**** Information shown ****

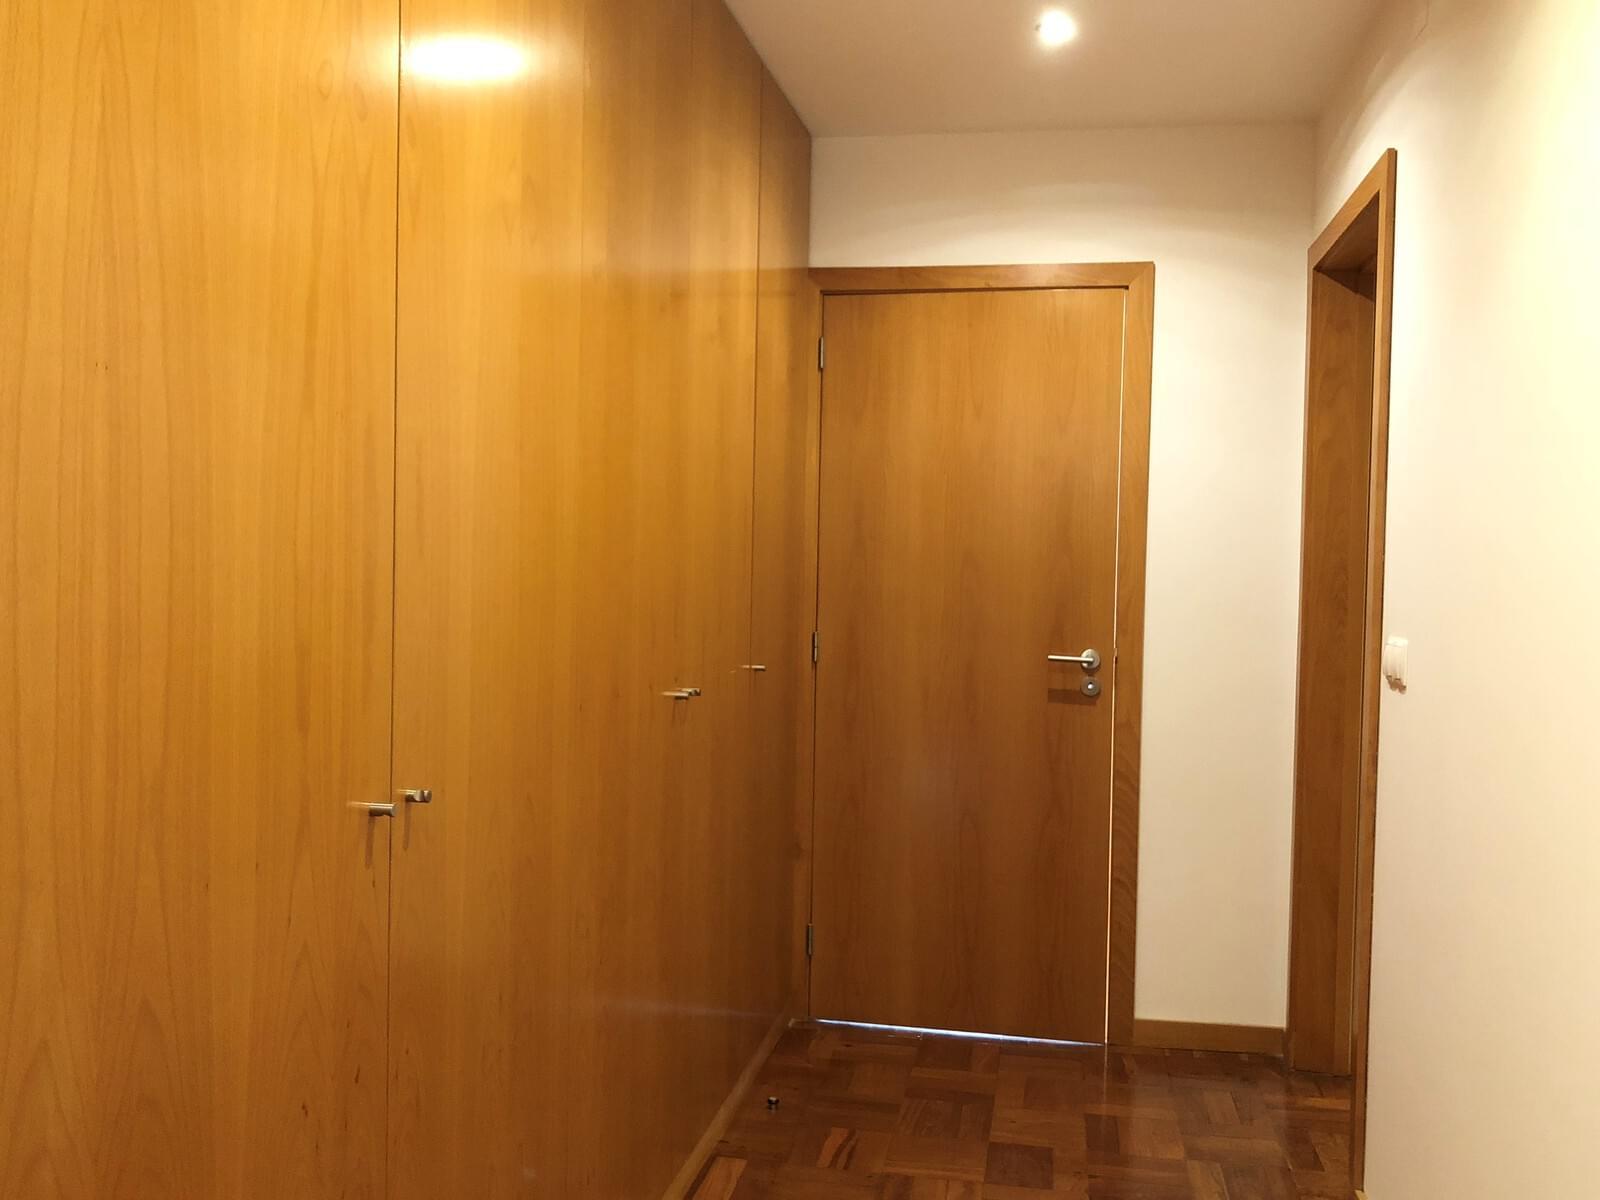 pf18040-apartamento-t3-lisboa-2f6b6adc-db68-4531-bc98-f566ce941803
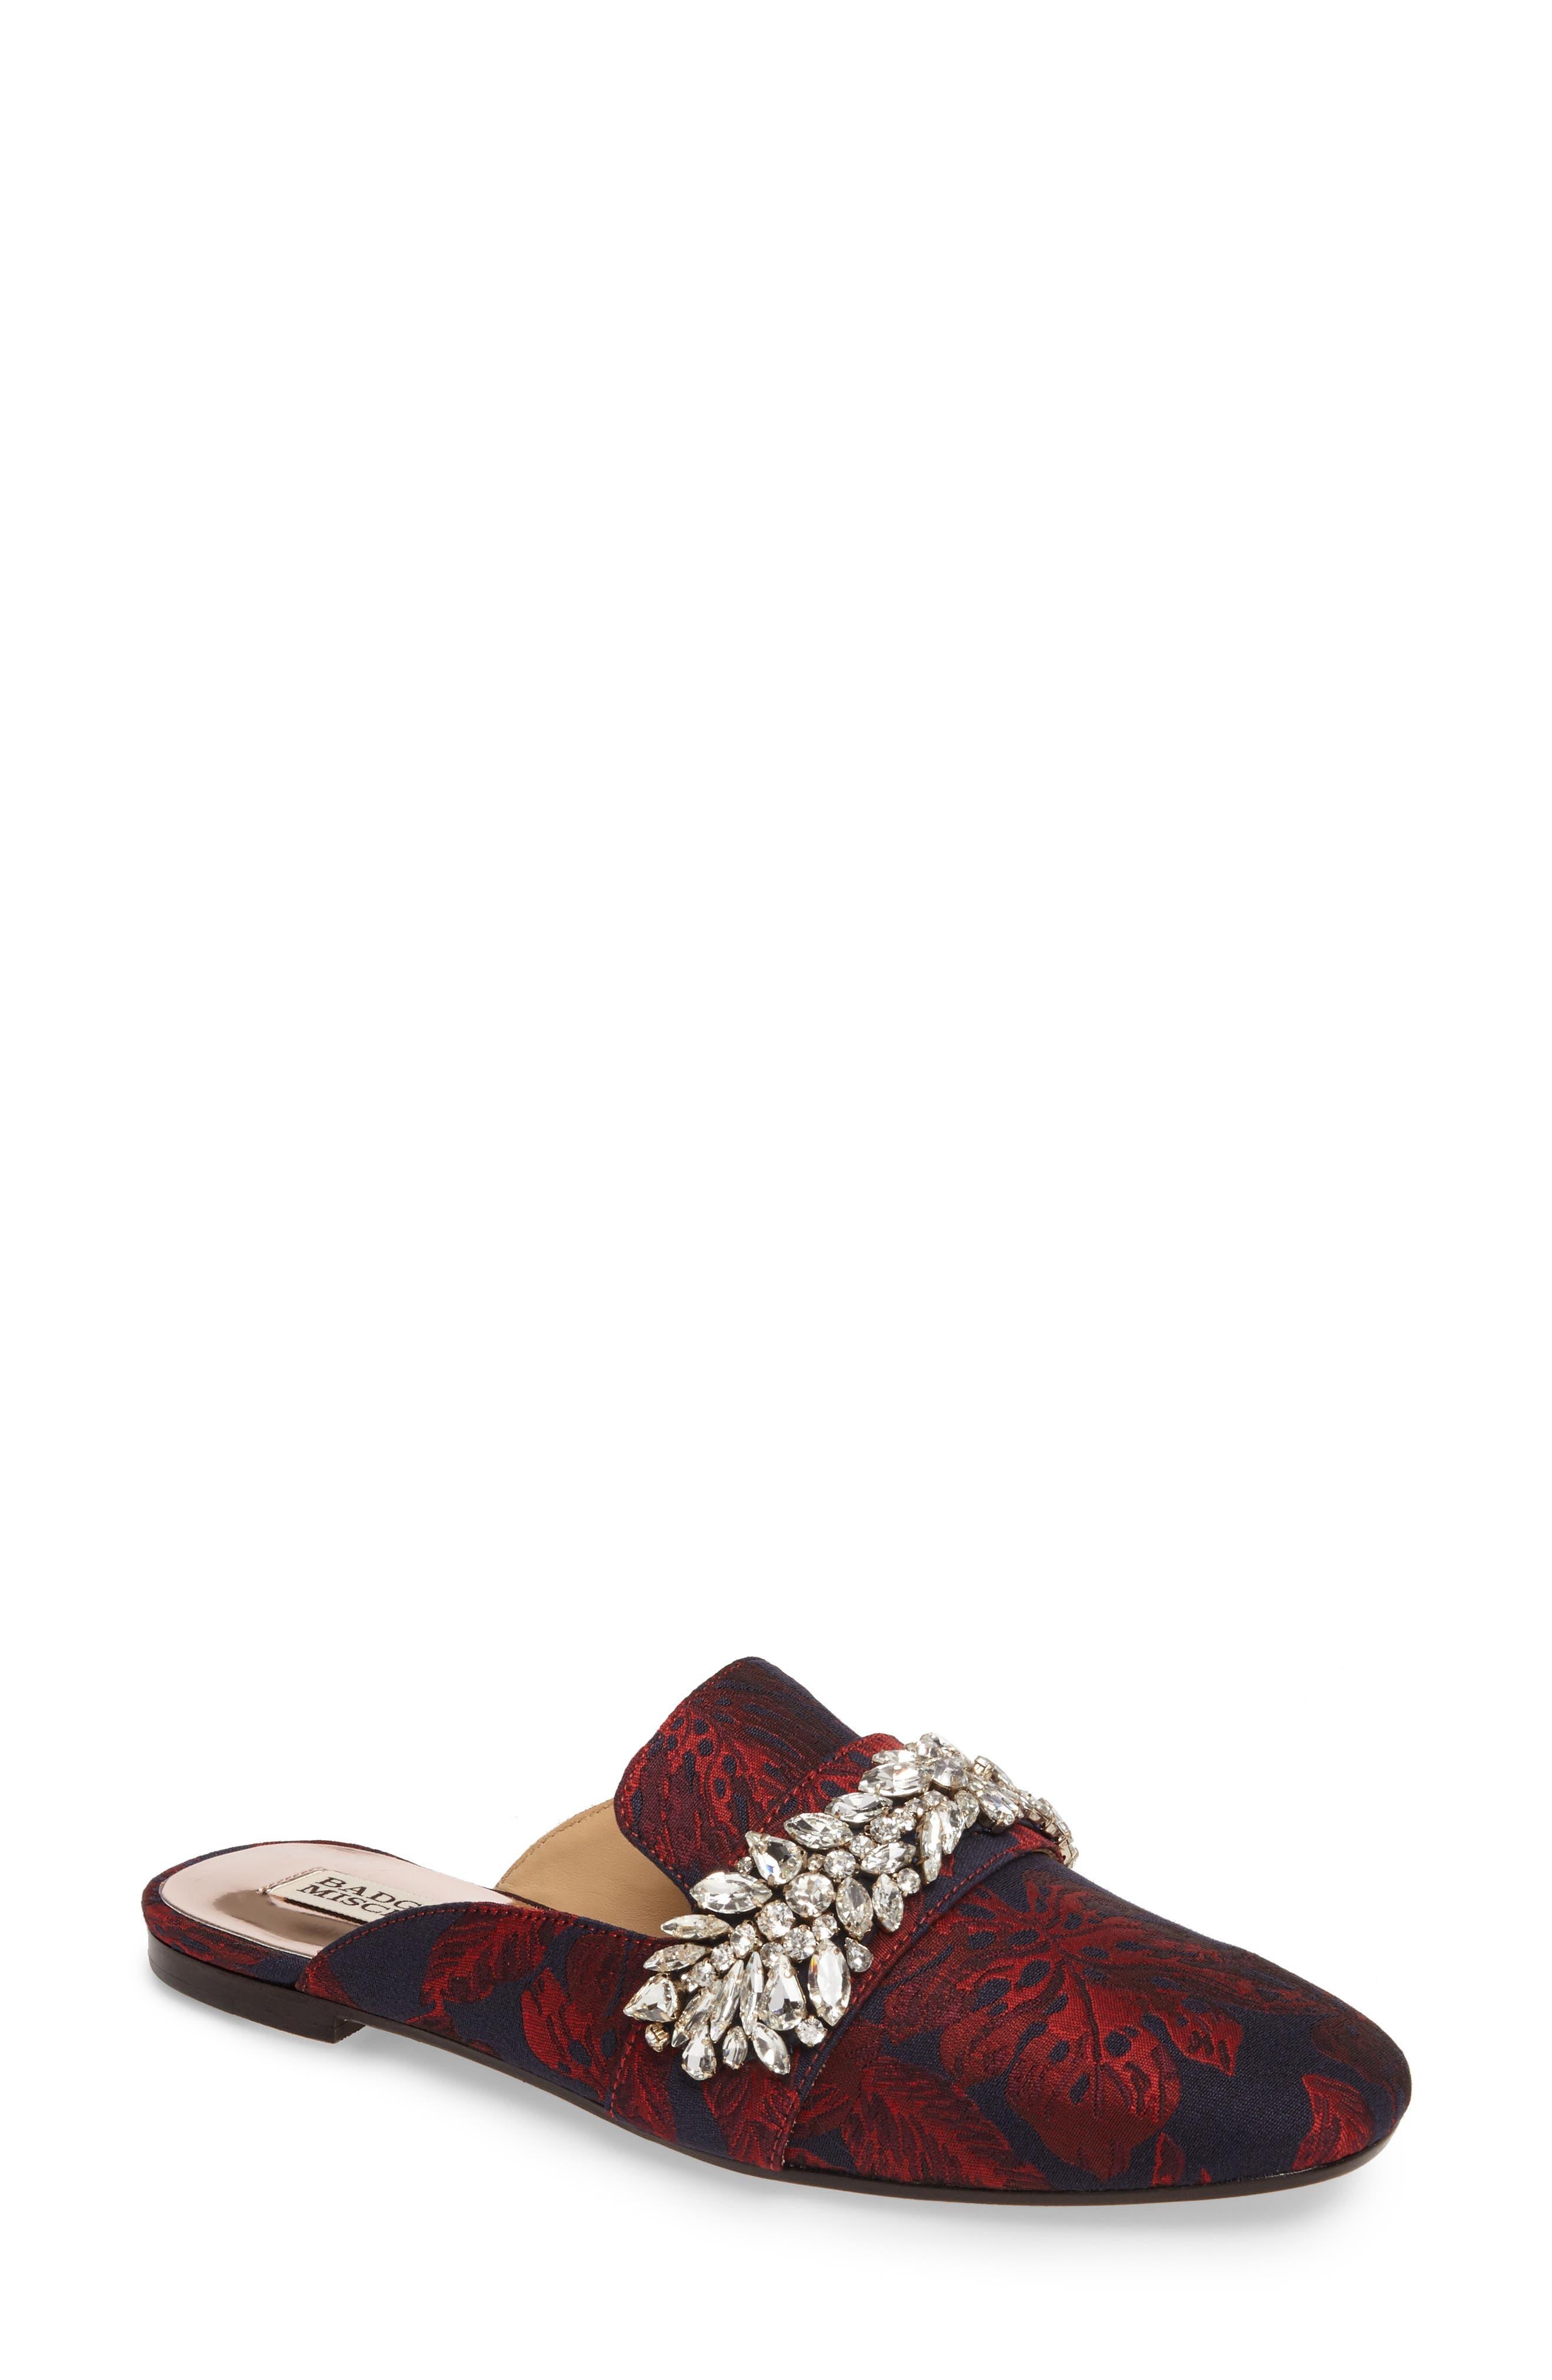 Kana Embellished Loafer Mule,                             Main thumbnail 1, color,                             Burgundy Fabric
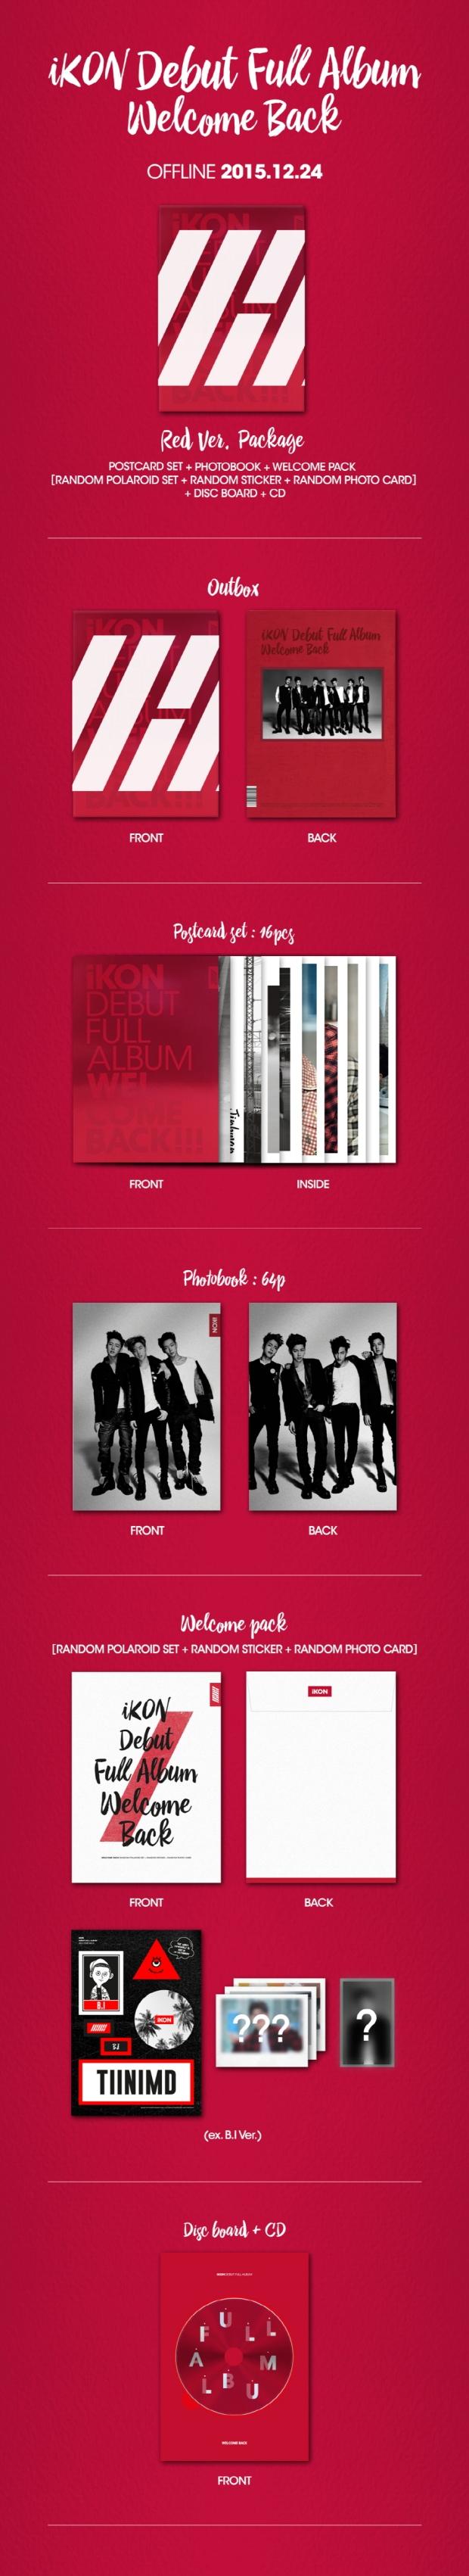 ikon_full_album_red_02

****

What the exercise asks – The answer must consist solely of the lines from the one with "Kana Embellished Loafer" through the final line of the data, each reproduced exactly and with pictures omitted.

Your solution –
 Kana Embellished Loafer Mule,                             Main thumbnail 1, color,                             Burgundy Fabric
 ikon_full_album_red_02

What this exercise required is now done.